Parsl / parsl

Parsl - a Python parallel scripting library

Home Page:http://parsl-project.org

Geek Repo:Geek Repo

Github PK Tool:Github PK Tool

Example using kubernetes provider?

jkitchin opened this issue · comments

I am trying to get a Kubernetes provider to work with parsl.

I have a working kubernetes cluster, with kubectl setup. I can setup pods with kubectl, and open shells in them. Based on https://parsl.readthedocs.io/en/stable/stubs/parsl.providers.KubernetesProvider.html, I have set this up:

import parsl
from parsl import python_app
from parsl.config import Config
from parsl.providers import KubernetesProvider
from parsl.executors import HighThroughputExecutor

config = Config(
    executors=[
        HighThroughputExecutor(
            label='PM_HTEX_multinode',
            cores_per_worker=2,
            provider=KubernetesProvider(
                image='jkitchin/pycse',
                namespace='jkitchin',
                pod_name='jk-',
                user_id='1000',
                group_id='100'
            ),
        )
    ]
)

# load the Parsl config
parsl.load(config)


@python_app
def exc():
    import socket
    return socket.gethostname()

exc().result()

It does run, and it tries to create a pod, but the pod fails, and the logs indicate:



Traceback (most recent call last):
--
Tue, Oct 17 2023 2:09:37 pm | File "/opt/conda/bin/process_worker_pool.py", line 687, in <module>
Tue, Oct 17 2023 2:09:37 pm | os.makedirs(os.path.join(args.logdir, "block-{}".format(args.block_id), args.uid), exist_ok=True)
Tue, Oct 17 2023 2:09:37 pm | File "/opt/conda/lib/python3.9/os.py", line 215, in makedirs
Tue, Oct 17 2023 2:09:37 pm | makedirs(head, exist_ok=exist_ok)
Tue, Oct 17 2023 2:09:37 pm | File "/opt/conda/lib/python3.9/os.py", line 215, in makedirs
Tue, Oct 17 2023 2:09:37 pm | makedirs(head, exist_ok=exist_ok)
Tue, Oct 17 2023 2:09:37 pm | File "/opt/conda/lib/python3.9/os.py", line 215, in makedirs
Tue, Oct 17 2023 2:09:37 pm | makedirs(head, exist_ok=exist_ok)
Tue, Oct 17 2023 2:09:37 pm | [Previous line repeated 7 more times]
Tue, Oct 17 2023 2:09:37 pm | File "/opt/conda/lib/python3.9/os.py", line 225, in makedirs
Tue, Oct 17 2023 2:09:37 pm | mkdir(name, mode)
Tue, Oct 17 2023 2:09:37 pm | PermissionError: [Errno 13] Permission denied: '/Users'
Tue, Oct 17 2023 2:09:37 pm | /bin/bash: -c: line 4: syntax error near unexpected token `;'
Tue, Oct 17 2023 2:09:37 pm | /bin/bash: -c: line 4: `;'

I can see there is a permission error related to making a directory /Users. I don't see anywhere obvious to change this.

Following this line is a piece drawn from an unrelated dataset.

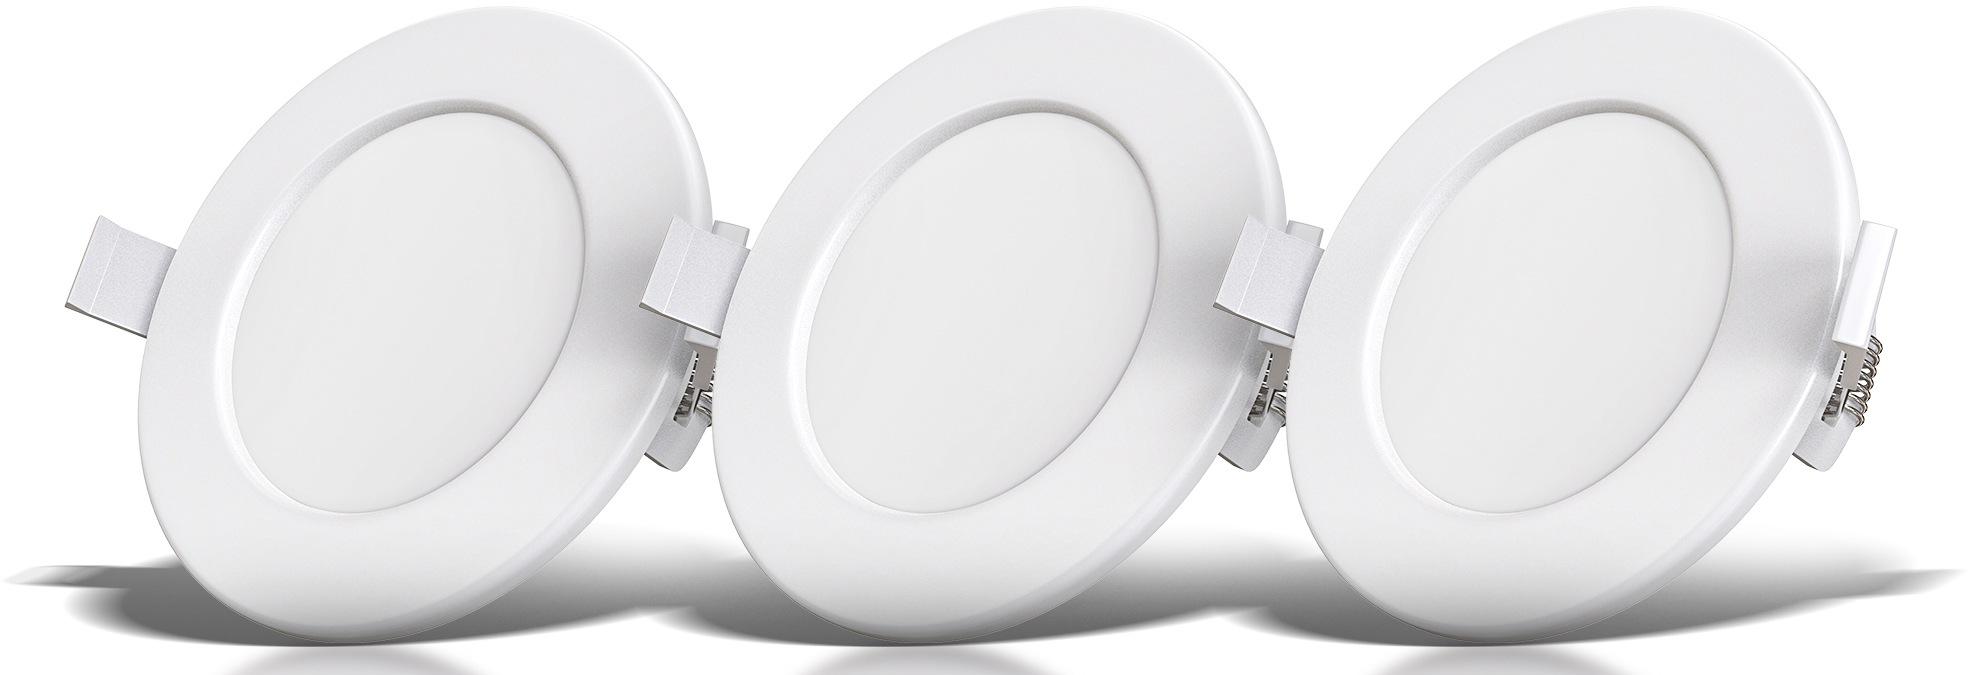 B.K.Licht LED Einbauleuchte, LED-Modul, Warmweiß, LED Einbauspots Bad Einbaustrahler ultra flach inkl. 3x 5W 450LM 3000K IP44

Are there any examples of using Kubernetes with parsl somewhere? (I looked, but did not find anything).

addendum:

Digging in to the yaml for the pod, I see this, which seems like something isn't right. the logdir is a local directory on my machine, but the kubernetes cluster where the pod is created is a remote cluster, so that logdir won't exist there.

  process_worker_pool.py   -a Johns-iMac-4.local,128.2.149.108,172.31.61.78 -p 0 -c 2 -m None --poll 10 --task_port=54918 --result_port=54542 --logdir=/Users/jkitchin/example/runinfo/034/PM_HTEX_multinode --block_id=2 --hb_period=30  --hb_threshold=120 --cpu-affinity none --available-accelerators  --start-method spawn

I guess this means something is not setup right in here.

update 2:
It does work if I run it in a pod on the kubernetes cluster. Although it seems to create 4 pods, and they don't close when the job is done. It seems like they should.

Is there a way to make it work remotely?

I have made a smidge of progress getting this to work.

Some prerequisites that weren't obvious:

  1. The Python and parsl versions have to be the same on the local and remote machines.
  2. You have to set a worker_logdir_root in the executor for the remote path.

Here is a minimally working example for me.

import parsl
from parsl import python_app
from parsl.config import Config
from parsl.providers import KubernetesProvider
from parsl.executors import HighThroughputExecutor

import logging
logging.captureWarnings(True)

config = Config(
    executors=[
        HighThroughputExecutor(
            label='HTE',
            cores_per_worker=2,            
            worker_logdir_root='/home/jovyan/logs/',
            provider=KubernetesProvider(
                image='jkitchin/pycse',
                pod_name='jrk-',
                # this does not work
                #                persistent_volumes=[('shared-scratch', '/home/jovyan/shared-scratch/')]
            ),
        )
    ]
)

# load the Parsl config
parsl.load(config)


@python_app
def exc():
    import os, socket
    return socket.gethostname()

print('done', exc().result())

I can't get persistent volumes to work, I see messages that indicate the name can't be found (30 persistentvolumeclaim "shared-scratch" not found.) This is a volume that I mount in other pods though.

Also for some reason, this makes 4 pods. When nothing goes wrong, one of them terminates (the one that returns from the app), but the other 3 are left running. Every so often, the ones left running seem to error and restart.